Os originais do Samba
As miserable as airports are by 3:37 this had me positively boppin’ between terminals.
The lyrics are fun, poingnant and biting:
[quote]
keep on grinning
work the meat right off your bones
it will pay off
happiness is what you want, isn’t it?
far out!
this song
isn’t what you’re hearing
all night long
did you ever
think the voices might be wrong
then you wonder
what’s the matter with your weight
you are no more
getting taller every day
Like Children
Like Children
They are free to be up or down
free to be sad
until we tell them not to cry
Dance to country and eastern music
Feel the sweet balance of life!
Cry all night![/quote]
And I find the album artwork very moving in a simple direct way. And sooooooo 1974.
Beaufort North Carolina Piedmont Blues Veteran, Richard "Big Boy "Henry sings Mr. President aka a letter to Ronald Reagan.
Awesome! On the subject of funk soul sisters, I loved hearing Minnie Riperton’s Les Fleurs in Us.
OMG that makes me feel old when I realize that I was 11 years old when I first got my hands on It Takes a Nation of Millions to Hold Us Back. (And 11 years old when that Fight the Power came out not long afterward - I got it on cassette the day it came out.)
As a young white kid, so many of the words of PE went right over my head but the power behind them was so raw that it made me interested to learn more. Who is this Farrakhan guy? Who is this “X” they keep referring to? Why is Chuck D so angry? Don’t get me wrong - even at that age I wasn’t sheltered or ignorant to the racist power structures of America. I grew up in the SF Bay Area so there was plenty of progressive and multicultural influence to take in, but still it’s not like in school they sat us down and said, “ok kids, today we’re going to learn about the lynching of Nat Turner”.

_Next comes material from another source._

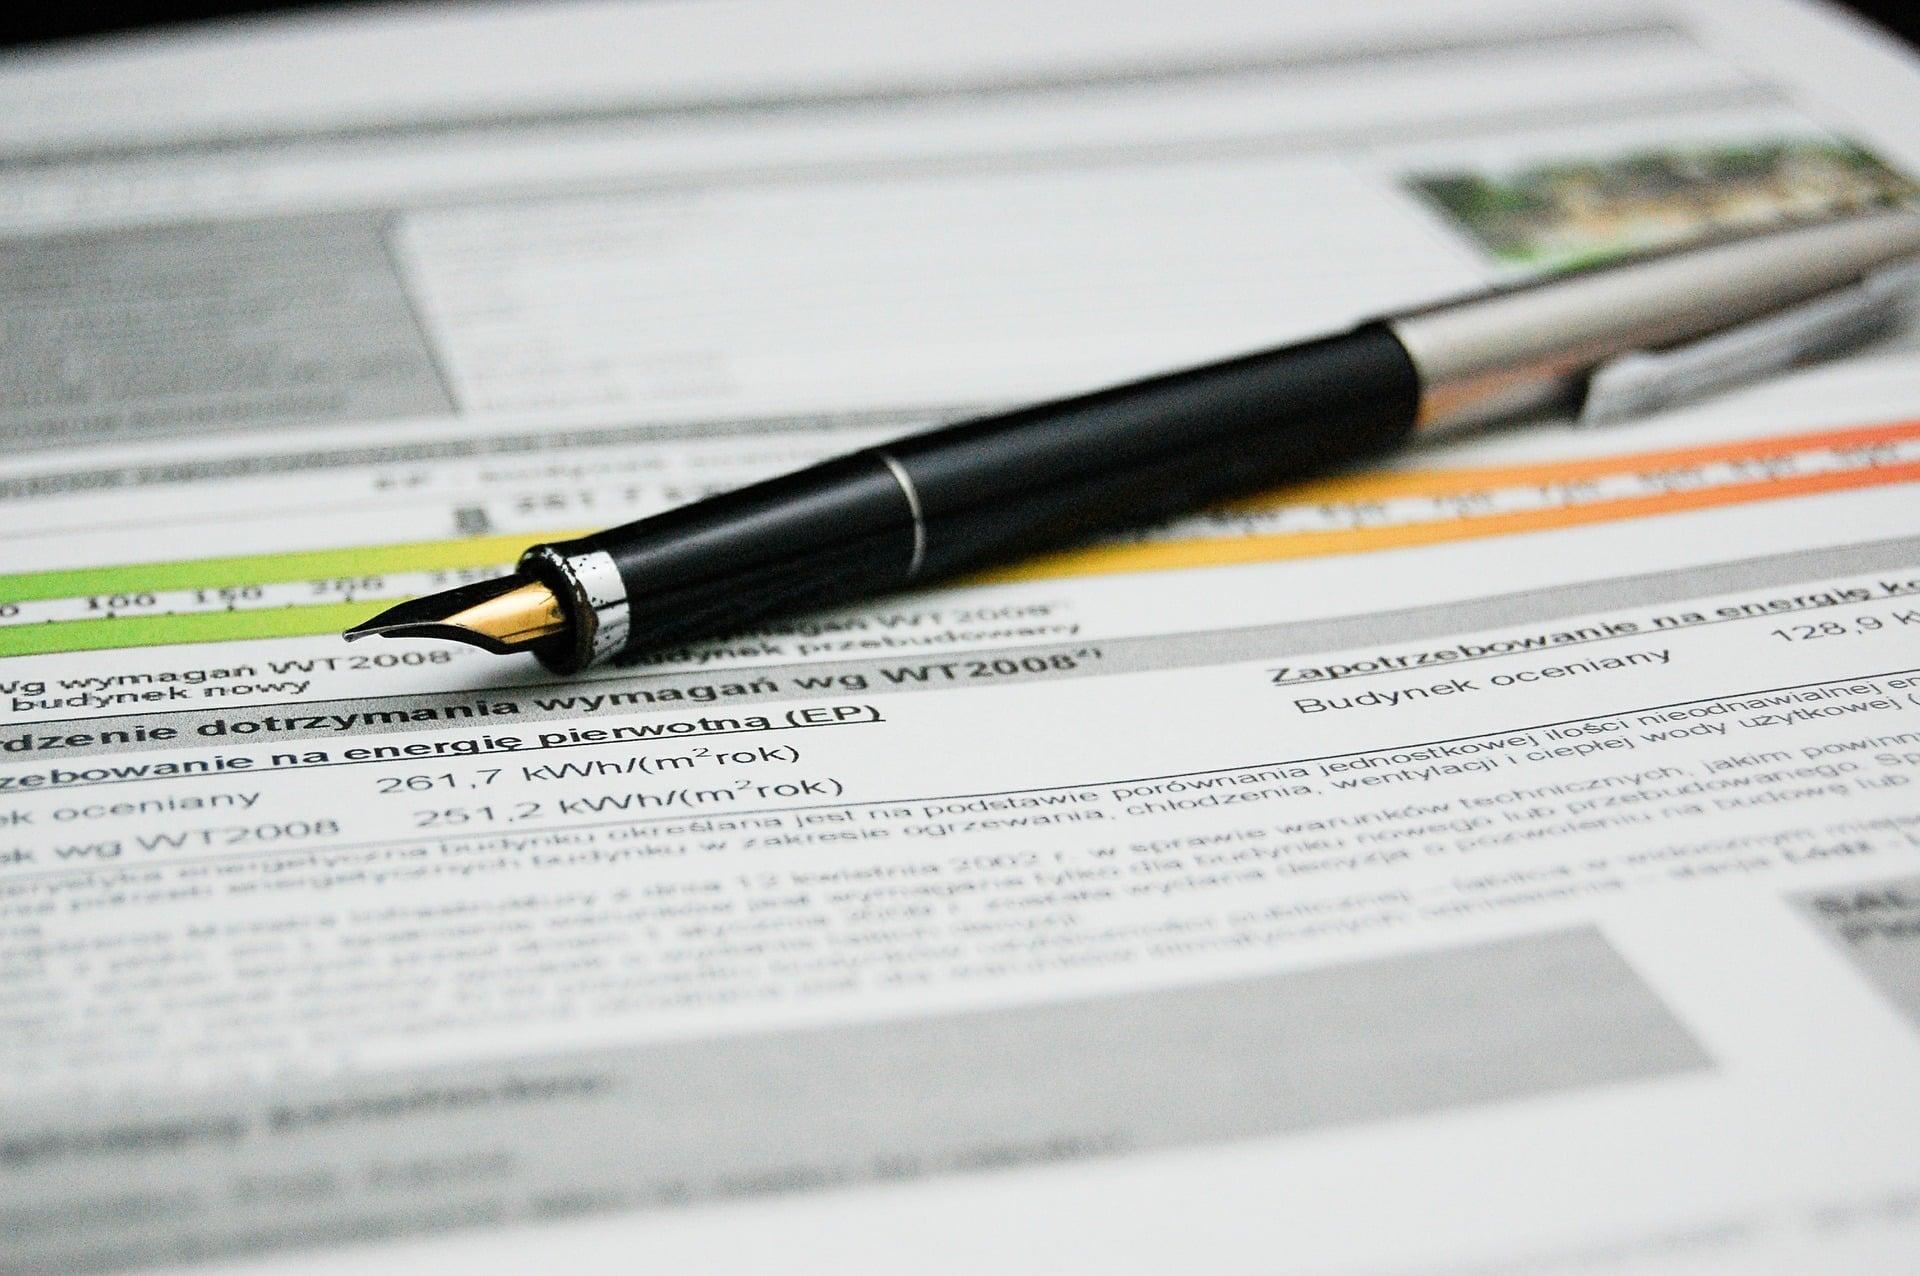 Der Energieausweis zeigt den Grad der Energieeffizienz bei Immobilien. Foto: Pixabay.

PE was hugely influential to me and drove me deep into the rabbit hole of conscious rap.
I have to share this… So The Carpenters didn’t do Close To You first… they did it the best though.
This is umm well a song.
“Don’t let them take your daughter” JHC (or rather ʿĪsā ibn Maryam!)
My God.
I cringed audibly at the sound of that.
It was like a deeper voice warbling of Stevie Nicks.